18/10/2020 20:30

Steps to Prepare Favorite Healthy Ramen Lots of Vegetables

by Emma Gonzalez

Healthy Ramen Lots of Vegetables
Healthy Ramen Lots of Vegetables

Hey everyone, it is Louise, welcome to my recipe page. Today, I’m gonna show you how to make a distinctive dish, healthy ramen lots of vegetables. It is one of my favorites food recipes. This time, I’m gonna make it a little bit unique. This will be really delicious.

Healthy Ramen Lots of Vegetables is one of the most popular of current trending foods in the world. It is enjoyed by millions every day. It is simple, it is quick, it tastes yummy. Healthy Ramen Lots of Vegetables is something which I’ve loved my whole life. They’re nice and they look wonderful.

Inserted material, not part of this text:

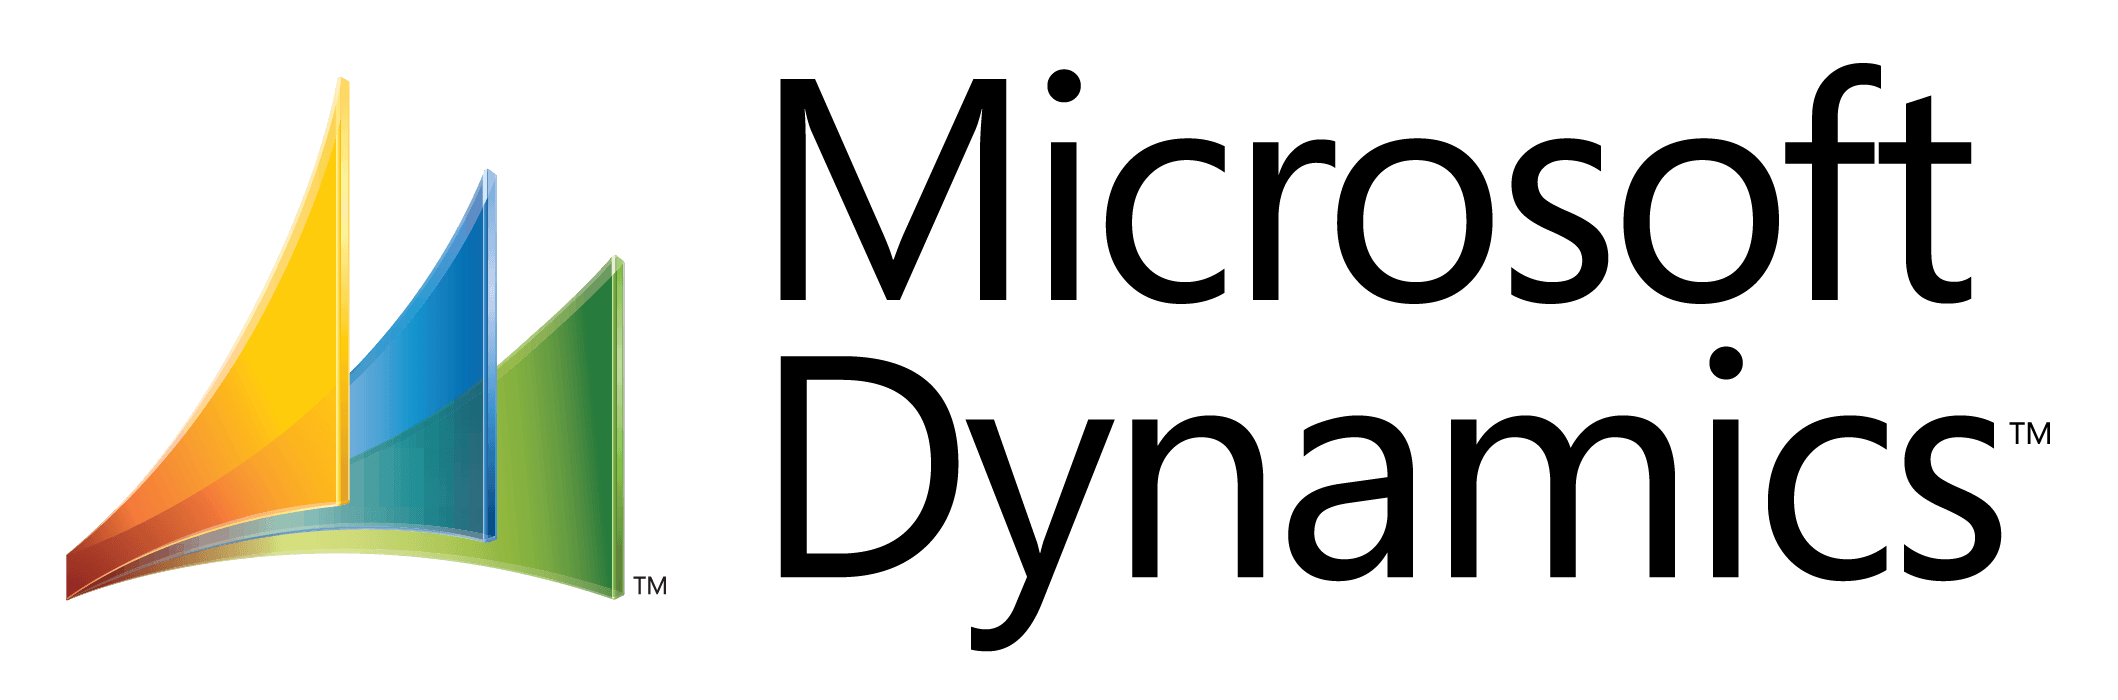 MS Dynamics Logo - MS-Dynamics-Logo-02 - Lemon Learning

To begin with this recipe, we must prepare a few components. You can cook healthy ramen lots of vegetables using 8 ingredients and 7 steps. Here is how you cook that.

The ingredients needed to make Healthy Ramen Lots of Vegetables:
  1. Get 1 packages Chinese or shirataki noodles
  2. Get 200 grams Cabbage
  3. Get 1/3 bag of bean sprouts Bean sprouts (or the white part of a green onion)
  4. Prepare 1 Kamaboko, sausages, or fish sausage
  5. Take 600 ml Water
  6. Make ready 15 grams Instant beef soup stock (Gamchimi) (or dashida)
  7. Make ready 3 tbsp Soy milk or milk
  8. Make ready 1 dash Sesame oil or Ra-yu
Instructions to make Healthy Ramen Lots of Vegetables:
  1. Boil the Chinese noodles for about 1 minute and drain. If using shirataki noodles, rub with salt, rinse, and drain.
  2. Roughly chop the cabbage and cut the ◎ ingredients into bite-sizes. Rinse the bean sprouts.
  3. Add water and instant beef stock to a pot and bring to a boil. After it boils, add cabbage, bean sprouts, ◎ ingredients in that order and boil. If you are using shirataki noodles, add now.
  4. When the vegetables have softened, add Chinese noodles and stir to untangle. Add soy milk (or milk), sesame oil (or Ra-yu spicy chili oil), and black pepper. It's done.
  5. In this photo, I added an egg and chives for a finishing touch.
  6. Here I used shirataki noodles. They're healthy and they don't get soggy like regular noodles. They'll be okay even if you let them sit a little while.
  7. The gamchimi beef stock I used comes in small pouches, so it's easy to use. There's about 1 heaping tablespoon in each 10 g pouch.

So that is going to wrap this up for this exceptional food healthy ramen lots of vegetables recipe. Thank you very much for reading. I am sure that you can make this at home. There’s gonna be interesting food at home recipes coming up. Don’t forget to bookmark this page in your browser, and share it to your loved ones, colleague and friends. Thank you for reading. Go on get cooking!